Welcome to the Physics Derivation Graph

a differnet approach to generating content for the Physics Derivation Graph

Published 2018-07-21T00:41:00Z by Physics Derivation Graph

Wikipedia

Side note

Between any two adjacent expressions in your data set, there are likely a bunch of missing steps.

Suppose all the expressions were present. Even in that situation, the inference rules are missing. Filling in these is a big challenge.

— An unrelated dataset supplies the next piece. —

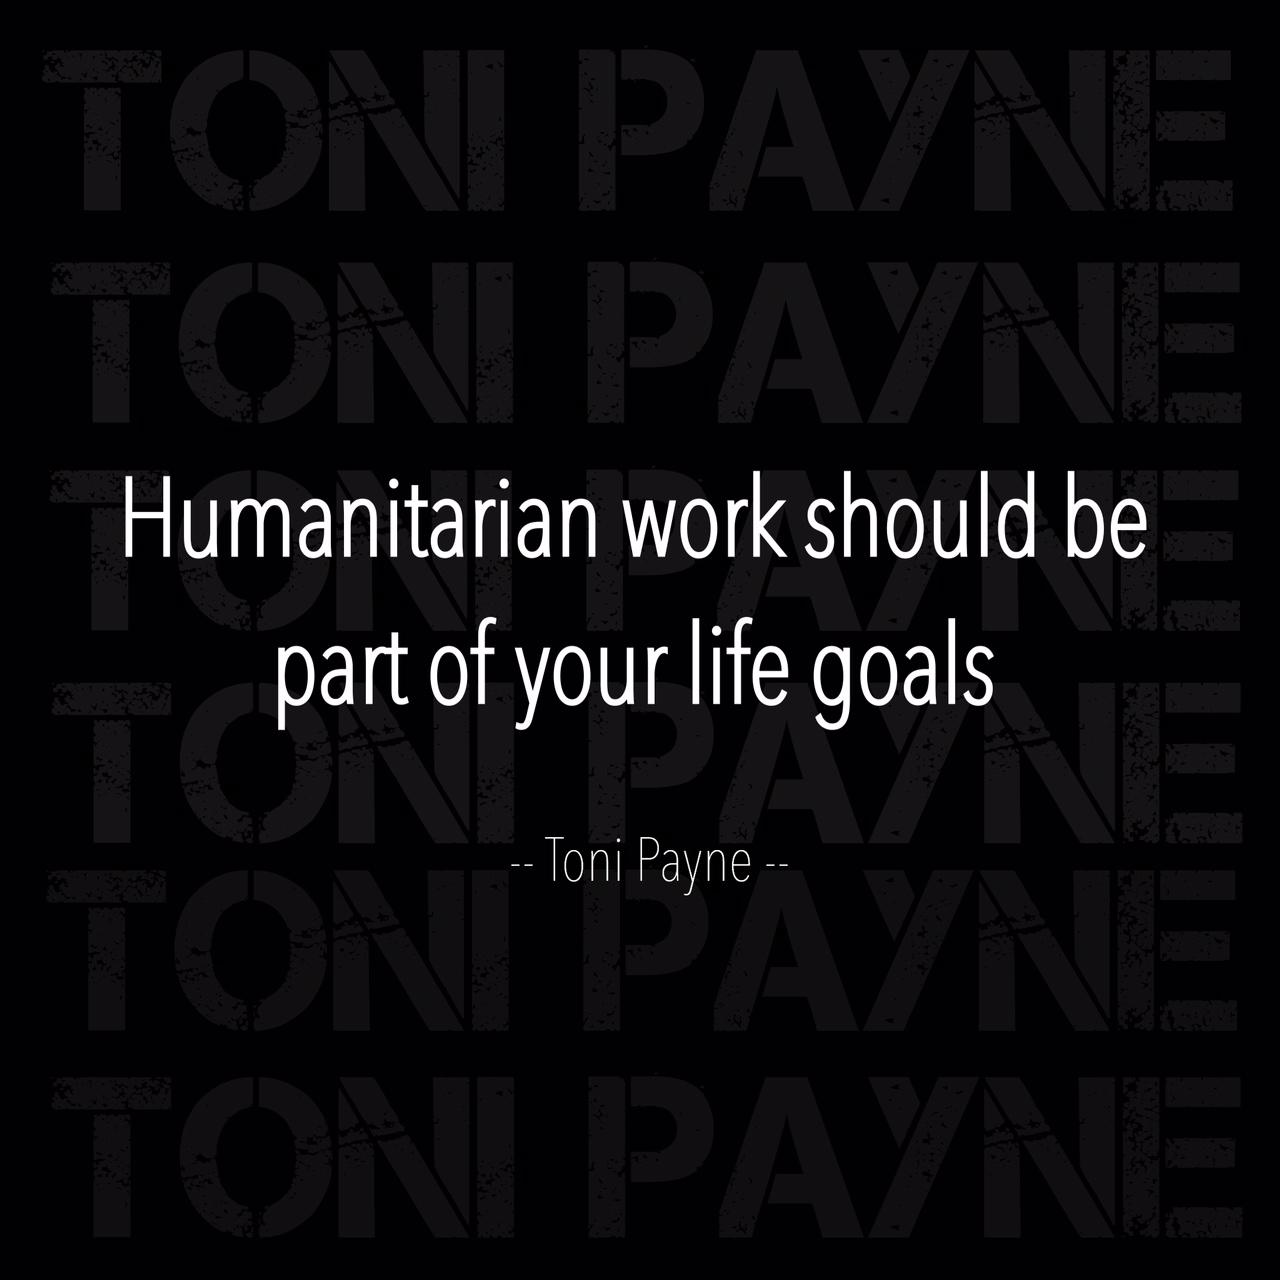 humanitarian work quote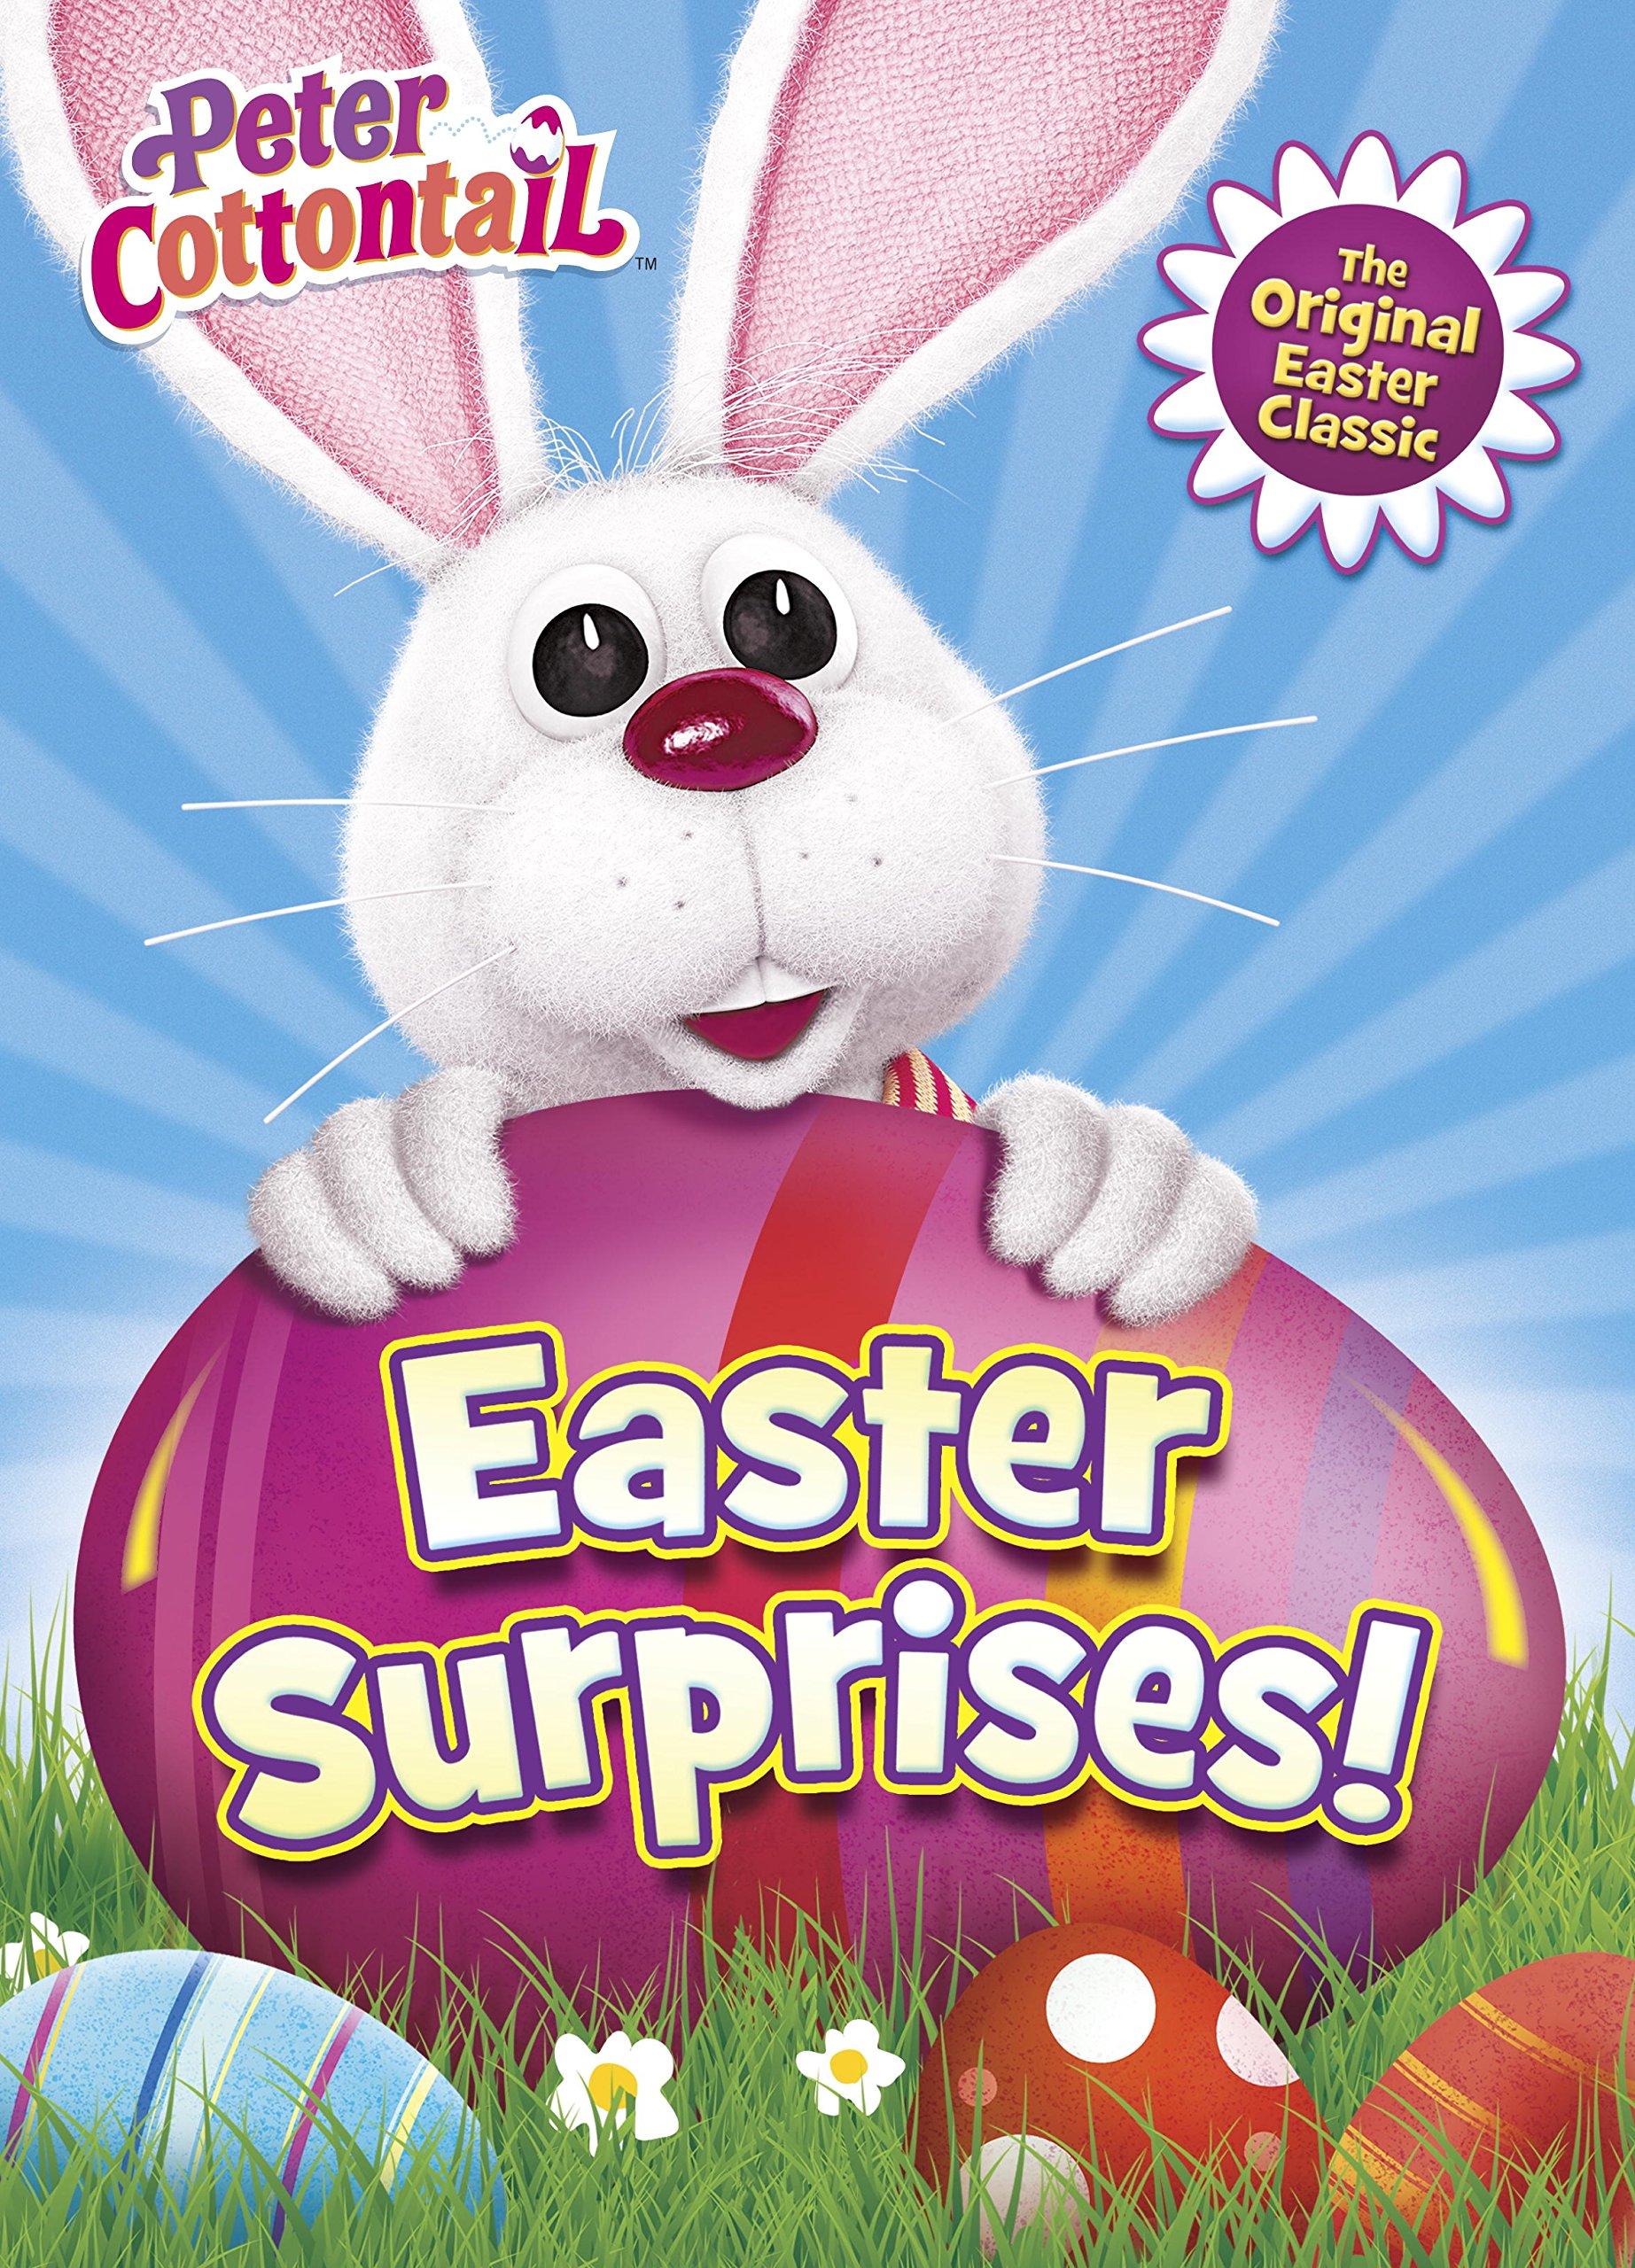 EASTER SURPRISES! -

To address these challenges, text analysis would be useful. Suppose the sequence is

text1
expression1
text2
expression2
text3
expression3
text4

There are a few distinct categories of text to analyze:

s1 = the last two sentences in "text1" proceeding "expression1"
s(i) = if text2 and text3 are short (ie a few sentences), then they are potential inference rules
s(j) = if text2 and text3 are longer than a few sentences, then probably the two sentences following an expression and the two sentences proceeding an expression are relevant
sf = the first two sentences of the "text4" which is text after the last expression.

We now have 1000 instances of "s1" sentences. In this "s1" data set, what's the most common word? What's the most common two word phrase? What's the most common three word phrase? If there are things that look like inference rules, that would be interesting. I doubt that "declare initial expression" will appear, but some consistency would be validating.

Similarly, run the same word and phrase frequency analysis for the 1000 "sf" sentences. Also apply to each of "s(i)" and "s(j)."